Beyond user choice, the iPad and social networking are business hits because they enable more direct communication.

Increased productivity is one of the most common rallying cries when people, myself included, talk about the consumerization trend in business technology and the related growth of personally owned mobile devices like the iPhone and iPad in the workplace. Increased productivity and the comfort of choosing and using the best apps or devices for the job is one big advantage that these trends have to offer, but it isn’t the only one.

The ability to collaborate is being unleashed by these trends in businesses around the world. That, perhaps, points a finger to why the iPad, cloud services like Box and Dropbox, and social networks have gained so much popularity in so many offices. They allow people to interact and collaborate in ways that traditional business collaboration tools do not.

I’m not suggesting that tools like Microsoft’s SharePoint and Basecamp from 37 Signals aren’t important tools. They are very important tools for document, content, and project management. Even the track changes feature in Office is important when multiple team members collaborate on a single document – after all, track changes has been the holy grail of iOS business apps (Office2 is the only on-device Office-style suite for iOS to offer track changes integration).

There is, however, a difference between working together on specific files or with specific data and true person-to-person discussion. Tools like these might be better described as tools for managing collaborative work instead of collaborative tools. They exist more to put needed boundaries around the pieces of work that team members do than to encourage active discussion and broader collaboration.

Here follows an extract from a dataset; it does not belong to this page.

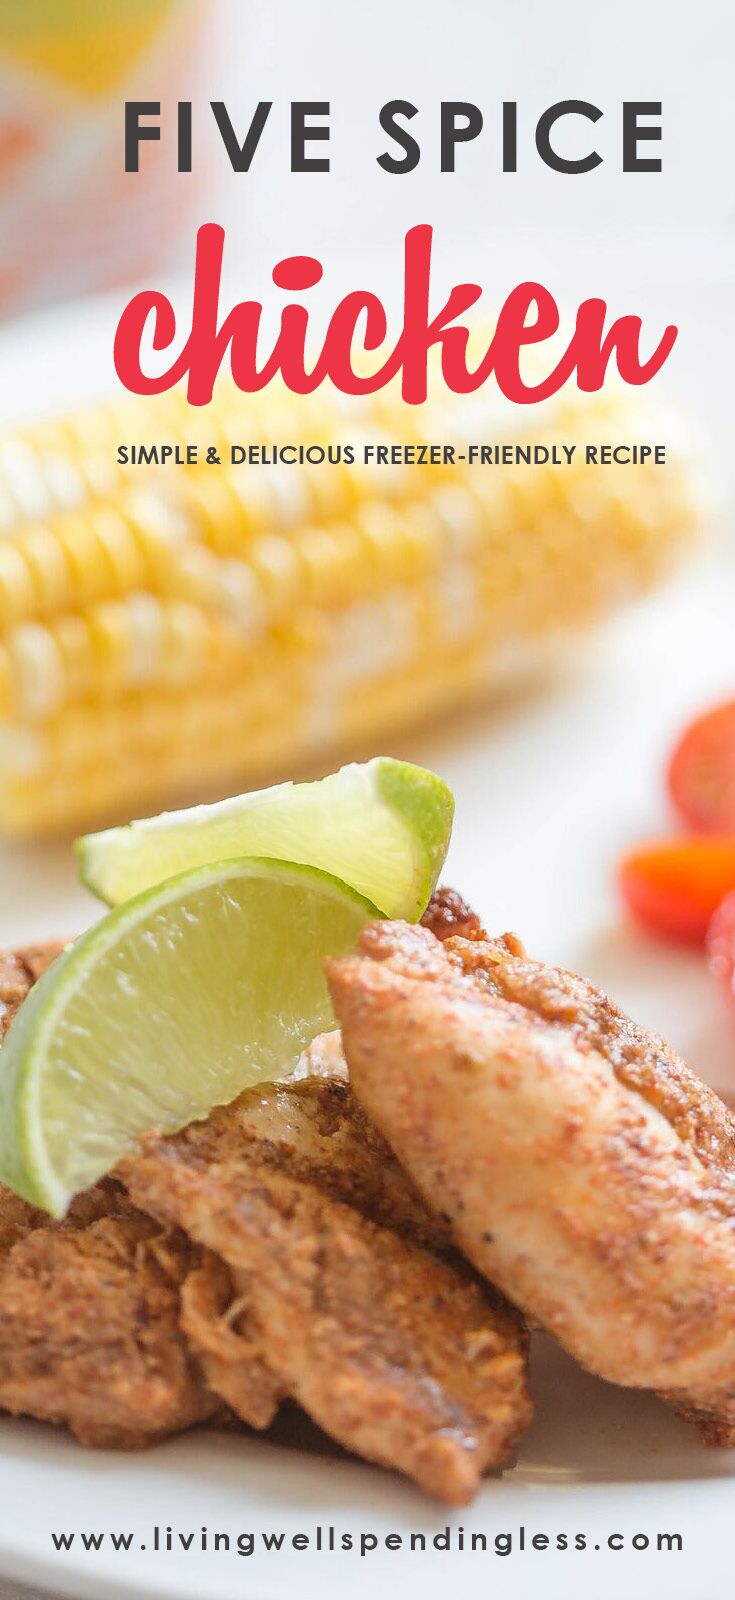 5 Spice Grilled Chicken | Simple Chicken Recipe | Food Made Simple | Freezer Friendly Recipe
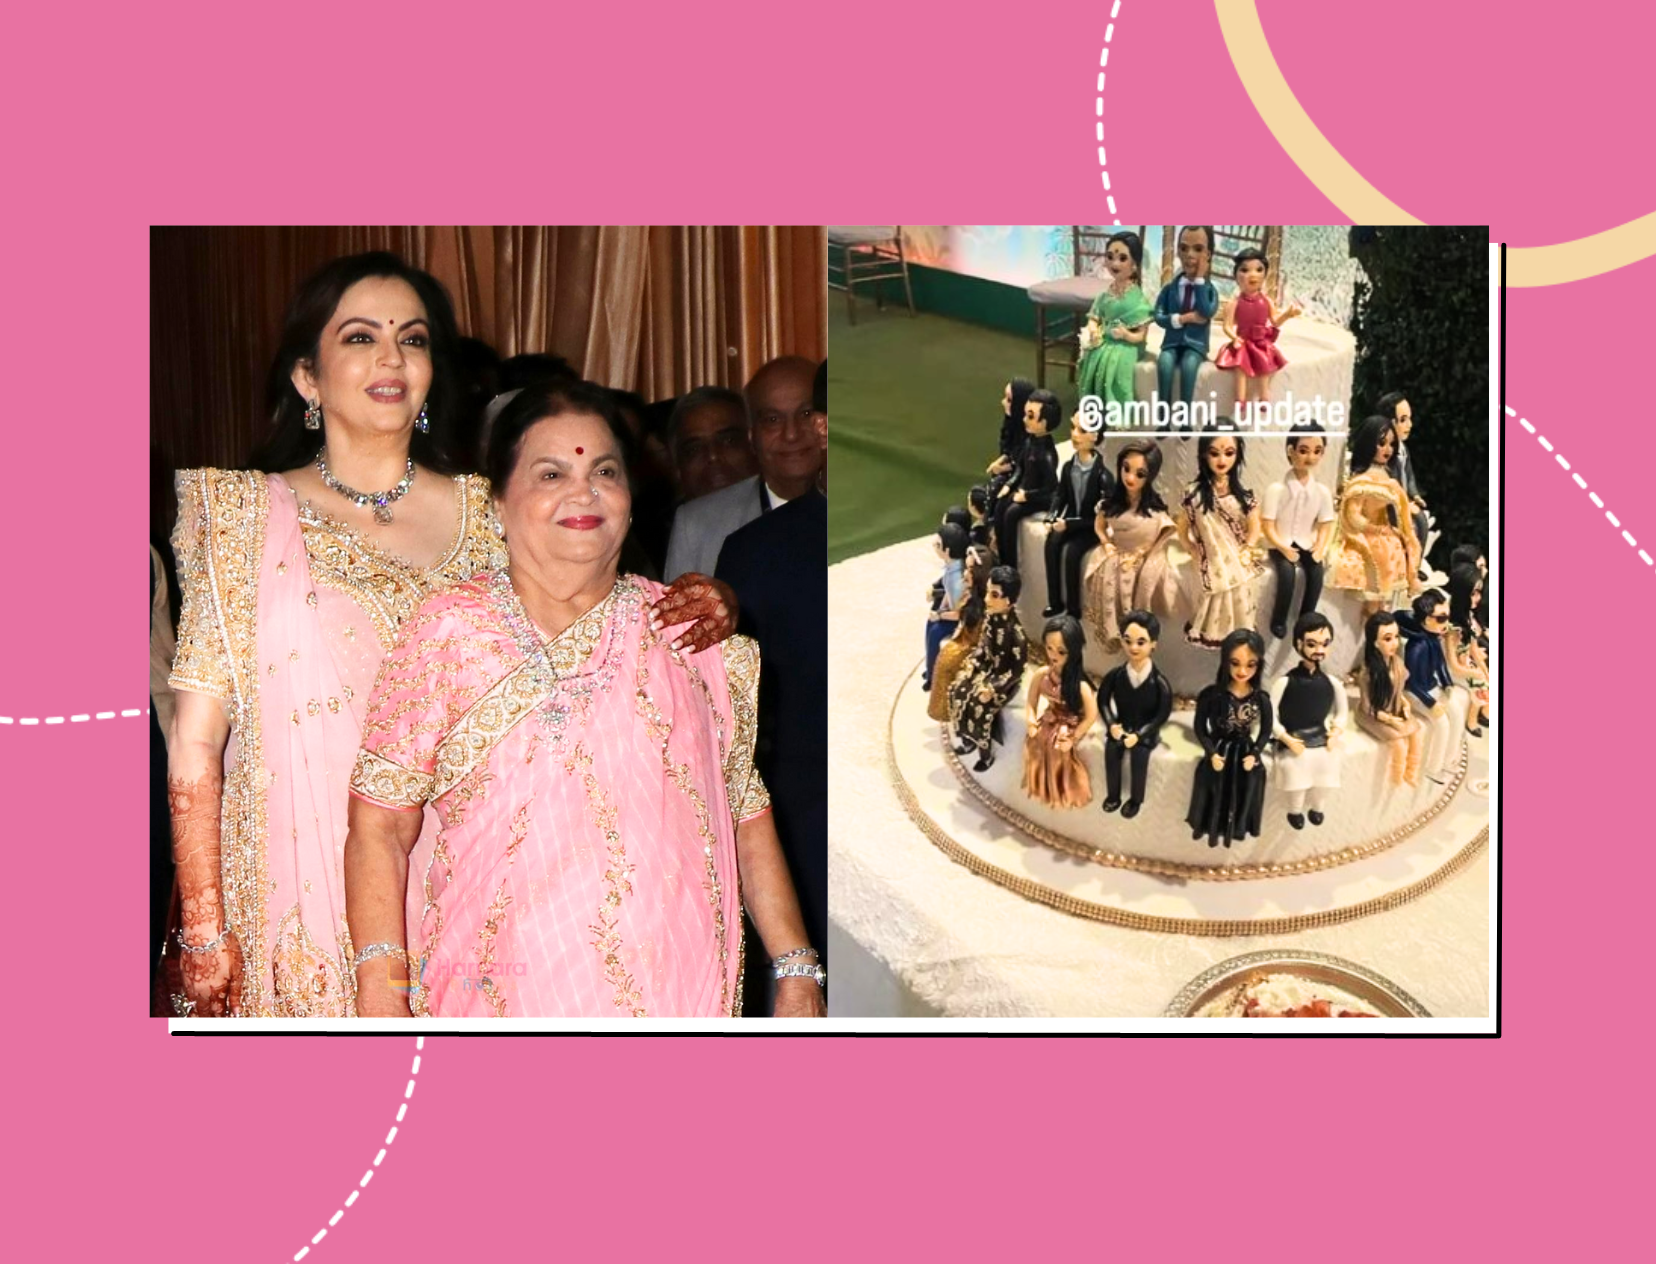 Crazy Rich Ambanis: 5 outrageous splurges Mukesh and Nita Ambani spend  their money on, from Boeings as birthday gifts to a whole floor dedicated  to Bentleys and Porsches | South China Morning Post

Leigh Jasper, CEO of Construction and Engineering Collaboration company Aconex, recently described the ways in which iOS, social networks, and cloud services are transforming the workplace as eliminating friction. That’s a terrific metaphor. Traditional office tools are designed in many ways to instill friction in the collaborative process for the purposes of keeping everything organized and manageable as well as for securing content and network resources.

Jasper points out that such friction has always been a collaboration inhibitor in businesses of all types and sizes – something that users tolerate when they must but will avoid and circumvent when they have the chance. New mobile technologies – the iPad in particular – and social networks are all about removing that friction. So are Cloud services, because they allow users to bypass many points of friction created by security and management systems.

The challenge for businesses and IT is to deliver solutions that remove as much friction between users, resources, and information– and even between users and their coworkers – as possible while still providing core security. That’s not an easy task, but ultimately it’s the best possible option.